Сердце Проклятого - Валетов Ян 2 стр.


Иегуда видел немало городов и некоторые из них были по-настоящему велики. Даже в его родной Александрии жило больше миллиона человек. Ершалаим, конечно, мог собрать на праздники почти полмиллиона приезжих, но ни с Римом, ни с Александрией Египетской сравнения не выдерживал.

Как опытный путешественник, Иегуда был готов увидеть мощь Империи, ее главный город. Вернее, думал, что готов. На самом деле, Рим потряс его, буквально раздавил своей мощью, шумом, огромными толпами, снующими туда-сюда, величием Форума и стоколонным портиком Помпея, в котором некогда Брут зарезал своего приемного отца — Цезаря. Город заставил Иегуду невольно сжаться, стать меньше ростом и почувствовать себя провинциалом, деревенщиной, впервые попавшим в столицу.

На улицах Рима в любое время года и в любые часы можно было встретить множество зевак с разинутыми от восхищения ртами, крутивших головами во все стороны — местные жители посматривали на них с нескрываемым превосходством. Так что еще один путник в запыленной одежде и с обтрепанной дорожной сумкой через плечо особого интереса ни у кого не вызывал. И Иегуда спокойно проследовал мимо стражи, караулившей Аппиеву дорогу, а потом и мимо конного отряда, встретившегося ему после поворота на дорогу Ардейскую.

Ему дважды пришлось спрашивать, правильно ли он идет, но зато похожий на подкову Ардейский тракт вывел его прямиком на Авентинский холм. Проскользнув через ворота в Серпиевой стене, он наконец-то зашагал по грязным и узким улочкам Авентина. Путь длиной в сорок семь дней закончился. Теперь Иегуда был близок к цели путешествия, но… оставалось много всяческих «но».

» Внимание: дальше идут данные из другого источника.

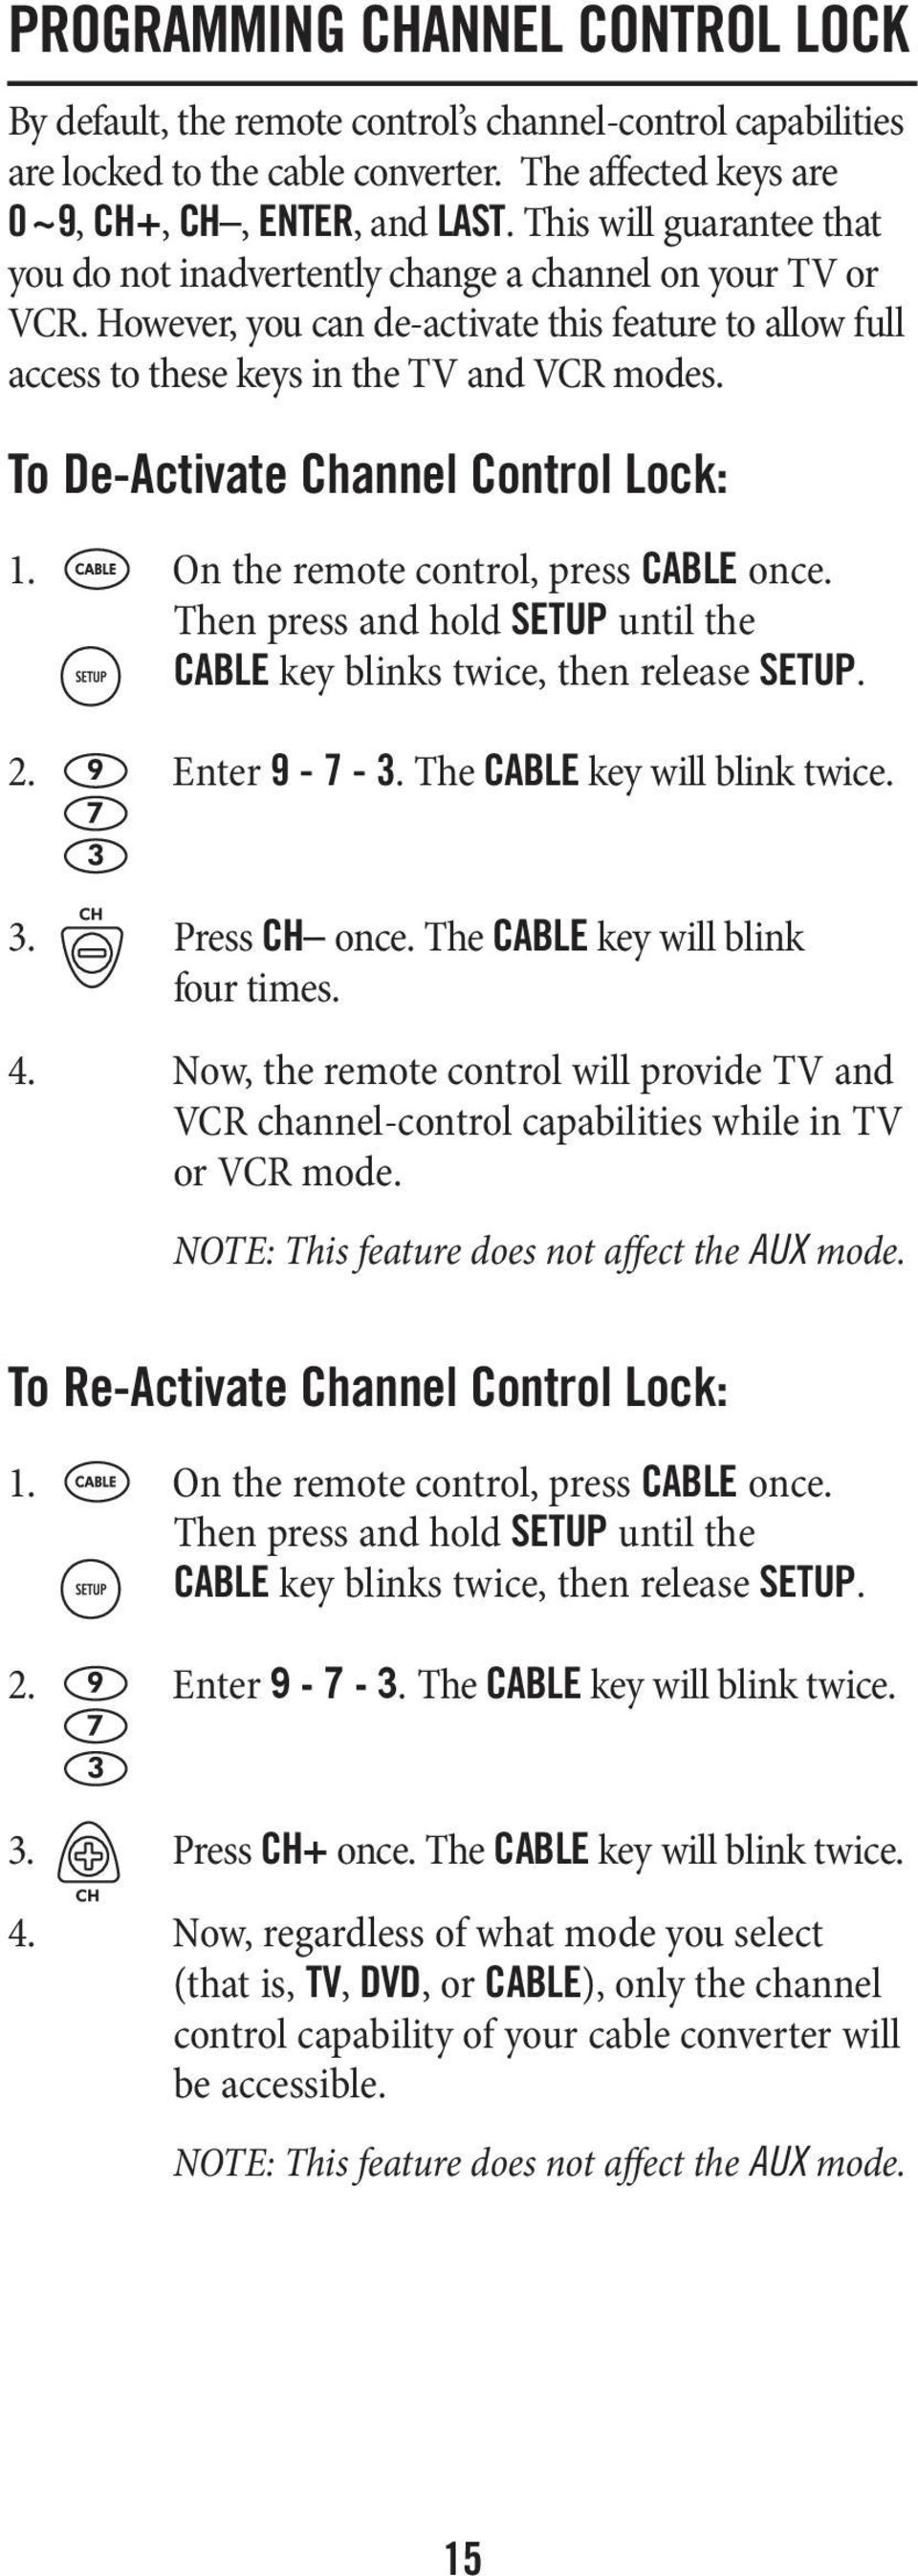 To De-Activate Channel Control Lock: 1. On the remote control, press CABLE once. Then press and hold SETUP until the CABLE key blinks twice, then release SETUP. 2. Enter 9-7 - 3.

Авентинский холм много лет был прибежищем плебса, солдат и небогатых торговцев, а также преступников и пройдох всех мастей и национальностей. Количество притонов и лупанариев, рассыпанных по его склонам, не поддавалось подсчету, как и количество питейных заведений, таверн и ночлежек. Весь город приходил сюда повеселиться и пощекотать себе нервы, сословные границы отступали перед желанием получить удовольствие, и в одном кабаке за соседними столами вполне могли пьянствовать матерые преступники и высокородные патриции. Иногда, особенно после недельного загула, одних от других было не отличить.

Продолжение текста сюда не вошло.